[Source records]
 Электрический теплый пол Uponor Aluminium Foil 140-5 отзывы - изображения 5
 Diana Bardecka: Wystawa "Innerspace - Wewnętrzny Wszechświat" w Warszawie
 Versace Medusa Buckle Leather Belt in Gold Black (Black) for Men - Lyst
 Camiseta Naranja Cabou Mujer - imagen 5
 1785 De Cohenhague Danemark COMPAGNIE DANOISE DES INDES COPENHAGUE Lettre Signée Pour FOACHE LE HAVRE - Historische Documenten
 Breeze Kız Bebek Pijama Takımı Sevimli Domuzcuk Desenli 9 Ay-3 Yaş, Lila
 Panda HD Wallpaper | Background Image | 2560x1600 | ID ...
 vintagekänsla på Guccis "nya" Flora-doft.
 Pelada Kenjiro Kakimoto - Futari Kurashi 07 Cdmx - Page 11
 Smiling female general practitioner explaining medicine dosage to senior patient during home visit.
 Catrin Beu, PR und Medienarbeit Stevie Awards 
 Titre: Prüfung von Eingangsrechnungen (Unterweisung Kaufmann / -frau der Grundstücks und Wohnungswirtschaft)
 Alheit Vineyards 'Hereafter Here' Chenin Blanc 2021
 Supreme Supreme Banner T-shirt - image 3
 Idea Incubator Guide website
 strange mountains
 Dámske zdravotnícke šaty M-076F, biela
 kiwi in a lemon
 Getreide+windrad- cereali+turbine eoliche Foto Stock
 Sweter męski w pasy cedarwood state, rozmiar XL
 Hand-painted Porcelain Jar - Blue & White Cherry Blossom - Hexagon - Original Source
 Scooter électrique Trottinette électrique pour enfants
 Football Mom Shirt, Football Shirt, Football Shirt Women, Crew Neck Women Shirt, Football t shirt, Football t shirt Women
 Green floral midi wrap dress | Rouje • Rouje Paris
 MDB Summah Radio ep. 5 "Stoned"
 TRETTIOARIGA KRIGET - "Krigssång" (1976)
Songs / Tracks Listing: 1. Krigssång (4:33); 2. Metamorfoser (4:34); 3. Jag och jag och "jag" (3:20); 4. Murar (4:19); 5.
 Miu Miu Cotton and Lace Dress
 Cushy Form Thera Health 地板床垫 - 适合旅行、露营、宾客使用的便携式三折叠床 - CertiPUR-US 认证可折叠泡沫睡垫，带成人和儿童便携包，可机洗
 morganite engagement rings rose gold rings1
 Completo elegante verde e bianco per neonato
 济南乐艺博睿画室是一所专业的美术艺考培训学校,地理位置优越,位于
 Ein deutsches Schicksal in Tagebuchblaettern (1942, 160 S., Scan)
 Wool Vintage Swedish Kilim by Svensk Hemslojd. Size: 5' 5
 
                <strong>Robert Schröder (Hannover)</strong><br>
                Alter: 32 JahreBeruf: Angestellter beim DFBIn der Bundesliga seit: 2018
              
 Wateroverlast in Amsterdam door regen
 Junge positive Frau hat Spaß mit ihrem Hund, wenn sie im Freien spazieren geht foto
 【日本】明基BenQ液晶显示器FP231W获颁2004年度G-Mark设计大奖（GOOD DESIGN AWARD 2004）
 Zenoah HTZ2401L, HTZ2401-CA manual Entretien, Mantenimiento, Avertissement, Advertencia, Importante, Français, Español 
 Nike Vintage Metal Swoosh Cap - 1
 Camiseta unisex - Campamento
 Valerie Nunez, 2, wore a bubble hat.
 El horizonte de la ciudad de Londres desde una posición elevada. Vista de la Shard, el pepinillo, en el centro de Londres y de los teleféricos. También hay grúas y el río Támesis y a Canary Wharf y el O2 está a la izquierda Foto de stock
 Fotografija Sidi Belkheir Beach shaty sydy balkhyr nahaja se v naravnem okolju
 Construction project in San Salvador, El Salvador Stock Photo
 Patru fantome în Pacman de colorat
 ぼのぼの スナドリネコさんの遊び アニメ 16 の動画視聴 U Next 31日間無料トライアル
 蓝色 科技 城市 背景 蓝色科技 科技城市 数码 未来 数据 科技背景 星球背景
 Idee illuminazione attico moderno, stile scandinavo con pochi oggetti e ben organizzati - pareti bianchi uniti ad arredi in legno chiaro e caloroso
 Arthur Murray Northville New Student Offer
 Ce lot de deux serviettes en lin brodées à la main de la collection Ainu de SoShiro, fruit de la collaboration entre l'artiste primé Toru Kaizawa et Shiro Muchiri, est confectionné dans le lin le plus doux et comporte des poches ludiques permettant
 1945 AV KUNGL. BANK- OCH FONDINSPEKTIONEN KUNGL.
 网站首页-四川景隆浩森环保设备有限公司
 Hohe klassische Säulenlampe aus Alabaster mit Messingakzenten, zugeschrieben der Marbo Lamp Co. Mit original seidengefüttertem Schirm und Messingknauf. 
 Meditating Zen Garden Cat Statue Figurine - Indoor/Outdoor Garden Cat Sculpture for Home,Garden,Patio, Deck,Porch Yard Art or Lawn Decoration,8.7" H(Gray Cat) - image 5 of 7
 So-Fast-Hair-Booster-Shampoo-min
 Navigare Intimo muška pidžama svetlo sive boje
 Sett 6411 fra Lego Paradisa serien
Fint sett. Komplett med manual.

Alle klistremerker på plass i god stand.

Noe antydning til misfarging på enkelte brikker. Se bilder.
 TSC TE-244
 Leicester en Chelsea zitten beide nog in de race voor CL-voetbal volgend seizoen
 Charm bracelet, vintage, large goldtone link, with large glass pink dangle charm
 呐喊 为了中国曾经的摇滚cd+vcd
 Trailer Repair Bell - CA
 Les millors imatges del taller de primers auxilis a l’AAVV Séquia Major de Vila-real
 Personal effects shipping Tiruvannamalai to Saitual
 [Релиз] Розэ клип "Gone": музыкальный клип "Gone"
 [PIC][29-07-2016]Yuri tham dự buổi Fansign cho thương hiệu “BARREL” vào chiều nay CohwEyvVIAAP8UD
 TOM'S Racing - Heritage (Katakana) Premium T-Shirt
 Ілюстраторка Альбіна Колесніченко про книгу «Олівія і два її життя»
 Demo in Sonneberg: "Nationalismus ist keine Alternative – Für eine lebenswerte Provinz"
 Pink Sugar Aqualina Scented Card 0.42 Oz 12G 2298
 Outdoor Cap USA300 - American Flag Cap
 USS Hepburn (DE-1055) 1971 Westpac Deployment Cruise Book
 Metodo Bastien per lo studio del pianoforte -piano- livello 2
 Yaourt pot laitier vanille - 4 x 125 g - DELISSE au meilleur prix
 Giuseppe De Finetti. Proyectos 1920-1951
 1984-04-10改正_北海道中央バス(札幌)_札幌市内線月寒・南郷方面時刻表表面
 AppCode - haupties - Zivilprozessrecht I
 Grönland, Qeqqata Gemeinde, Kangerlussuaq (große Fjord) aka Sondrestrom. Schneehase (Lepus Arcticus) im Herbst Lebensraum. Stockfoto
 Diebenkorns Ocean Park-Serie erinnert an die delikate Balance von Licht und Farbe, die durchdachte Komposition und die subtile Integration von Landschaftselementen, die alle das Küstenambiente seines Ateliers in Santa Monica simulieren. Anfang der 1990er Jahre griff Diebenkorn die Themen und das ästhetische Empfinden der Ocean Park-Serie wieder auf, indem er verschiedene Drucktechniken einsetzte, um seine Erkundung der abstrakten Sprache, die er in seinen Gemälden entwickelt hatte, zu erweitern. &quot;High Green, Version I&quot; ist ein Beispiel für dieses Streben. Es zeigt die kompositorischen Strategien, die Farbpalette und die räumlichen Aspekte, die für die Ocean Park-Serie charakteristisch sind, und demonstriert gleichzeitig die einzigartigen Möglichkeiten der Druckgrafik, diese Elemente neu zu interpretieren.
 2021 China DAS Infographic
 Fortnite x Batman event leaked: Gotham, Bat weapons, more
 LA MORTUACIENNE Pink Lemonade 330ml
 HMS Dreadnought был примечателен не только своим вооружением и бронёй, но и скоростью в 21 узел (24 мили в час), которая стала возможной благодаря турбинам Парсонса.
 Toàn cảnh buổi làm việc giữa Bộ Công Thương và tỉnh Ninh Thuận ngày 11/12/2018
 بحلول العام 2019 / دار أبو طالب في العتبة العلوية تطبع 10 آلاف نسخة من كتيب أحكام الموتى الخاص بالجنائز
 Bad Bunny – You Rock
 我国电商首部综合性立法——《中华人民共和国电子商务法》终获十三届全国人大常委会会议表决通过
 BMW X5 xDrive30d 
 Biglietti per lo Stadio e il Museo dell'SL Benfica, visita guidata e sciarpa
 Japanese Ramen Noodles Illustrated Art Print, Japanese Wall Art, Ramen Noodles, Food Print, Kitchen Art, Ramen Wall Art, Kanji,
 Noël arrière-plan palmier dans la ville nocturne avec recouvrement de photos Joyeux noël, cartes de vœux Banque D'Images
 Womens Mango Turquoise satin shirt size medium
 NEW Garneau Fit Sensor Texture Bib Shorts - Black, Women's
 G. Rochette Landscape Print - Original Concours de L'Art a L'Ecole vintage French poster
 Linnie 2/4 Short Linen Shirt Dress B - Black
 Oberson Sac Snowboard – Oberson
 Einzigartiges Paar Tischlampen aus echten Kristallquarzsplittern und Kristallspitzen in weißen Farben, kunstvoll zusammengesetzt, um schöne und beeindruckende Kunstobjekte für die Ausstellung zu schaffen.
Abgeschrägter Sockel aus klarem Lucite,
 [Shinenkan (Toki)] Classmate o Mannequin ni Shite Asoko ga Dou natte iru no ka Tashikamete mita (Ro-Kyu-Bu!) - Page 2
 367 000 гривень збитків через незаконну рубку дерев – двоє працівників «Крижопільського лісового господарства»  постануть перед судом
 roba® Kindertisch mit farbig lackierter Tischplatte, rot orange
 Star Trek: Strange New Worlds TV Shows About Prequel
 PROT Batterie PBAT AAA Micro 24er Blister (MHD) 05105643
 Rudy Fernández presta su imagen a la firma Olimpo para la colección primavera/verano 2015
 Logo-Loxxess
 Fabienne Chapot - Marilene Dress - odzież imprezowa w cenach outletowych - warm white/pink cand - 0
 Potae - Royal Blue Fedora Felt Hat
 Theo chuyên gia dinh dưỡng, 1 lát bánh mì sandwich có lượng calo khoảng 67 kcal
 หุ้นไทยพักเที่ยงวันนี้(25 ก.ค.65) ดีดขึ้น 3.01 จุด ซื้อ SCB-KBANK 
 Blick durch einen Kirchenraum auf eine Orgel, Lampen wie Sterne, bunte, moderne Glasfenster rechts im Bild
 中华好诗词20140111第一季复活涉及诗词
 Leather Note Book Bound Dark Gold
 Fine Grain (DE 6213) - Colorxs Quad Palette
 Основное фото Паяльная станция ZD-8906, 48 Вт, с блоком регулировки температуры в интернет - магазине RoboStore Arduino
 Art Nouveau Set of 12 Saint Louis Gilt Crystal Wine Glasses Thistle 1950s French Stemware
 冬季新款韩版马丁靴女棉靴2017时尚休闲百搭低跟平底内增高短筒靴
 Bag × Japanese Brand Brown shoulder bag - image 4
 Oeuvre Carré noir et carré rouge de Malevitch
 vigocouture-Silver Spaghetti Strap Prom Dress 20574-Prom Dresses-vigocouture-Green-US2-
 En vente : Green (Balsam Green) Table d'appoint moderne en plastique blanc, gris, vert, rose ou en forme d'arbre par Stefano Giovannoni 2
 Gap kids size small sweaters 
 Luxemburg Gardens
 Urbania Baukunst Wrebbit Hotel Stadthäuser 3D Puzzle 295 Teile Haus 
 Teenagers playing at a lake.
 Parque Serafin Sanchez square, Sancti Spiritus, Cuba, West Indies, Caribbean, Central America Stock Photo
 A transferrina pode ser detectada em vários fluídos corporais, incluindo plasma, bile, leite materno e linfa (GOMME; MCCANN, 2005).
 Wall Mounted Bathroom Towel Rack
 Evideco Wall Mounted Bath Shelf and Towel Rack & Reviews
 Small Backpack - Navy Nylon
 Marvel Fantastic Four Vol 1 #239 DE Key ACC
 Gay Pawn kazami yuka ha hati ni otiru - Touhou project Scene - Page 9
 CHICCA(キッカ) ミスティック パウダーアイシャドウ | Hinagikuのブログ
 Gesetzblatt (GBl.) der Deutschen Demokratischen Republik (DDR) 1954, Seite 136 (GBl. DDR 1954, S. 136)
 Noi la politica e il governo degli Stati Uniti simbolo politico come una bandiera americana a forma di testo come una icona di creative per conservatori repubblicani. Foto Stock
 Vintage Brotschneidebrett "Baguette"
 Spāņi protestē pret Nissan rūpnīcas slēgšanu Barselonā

_WORK ORDER_
Using the entries above, output exactly the lines between the line holding "Scooter électrique Trottinette" and the line holding "Ein deutsches Schicksal", end lines included, and nothing more.

_RESPONSE TO THE TASK_
 Scooter électrique Trottinette électrique pour enfants
 Football Mom Shirt, Football Shirt, Football Shirt Women, Crew Neck Women Shirt, Football t shirt, Football t shirt Women
 Green floral midi wrap dress | Rouje • Rouje Paris
 MDB Summah Radio ep. 5 "Stoned"
 TRETTIOARIGA KRIGET - "Krigssång" (1976)
Songs / Tracks Listing: 1. Krigssång (4:33); 2. Metamorfoser (4:34); 3. Jag och jag och "jag" (3:20); 4. Murar (4:19); 5.
 Miu Miu Cotton and Lace Dress
 Cushy Form Thera Health 地板床垫 - 适合旅行、露营、宾客使用的便携式三折叠床 - CertiPUR-US 认证可折叠泡沫睡垫，带成人和儿童便携包，可机洗
 morganite engagement rings rose gold rings1
 Completo elegante verde e bianco per neonato
 济南乐艺博睿画室是一所专业的美术艺考培训学校,地理位置优越,位于
 Ein deutsches Schicksal in Tagebuchblaettern (1942, 160 S., Scan)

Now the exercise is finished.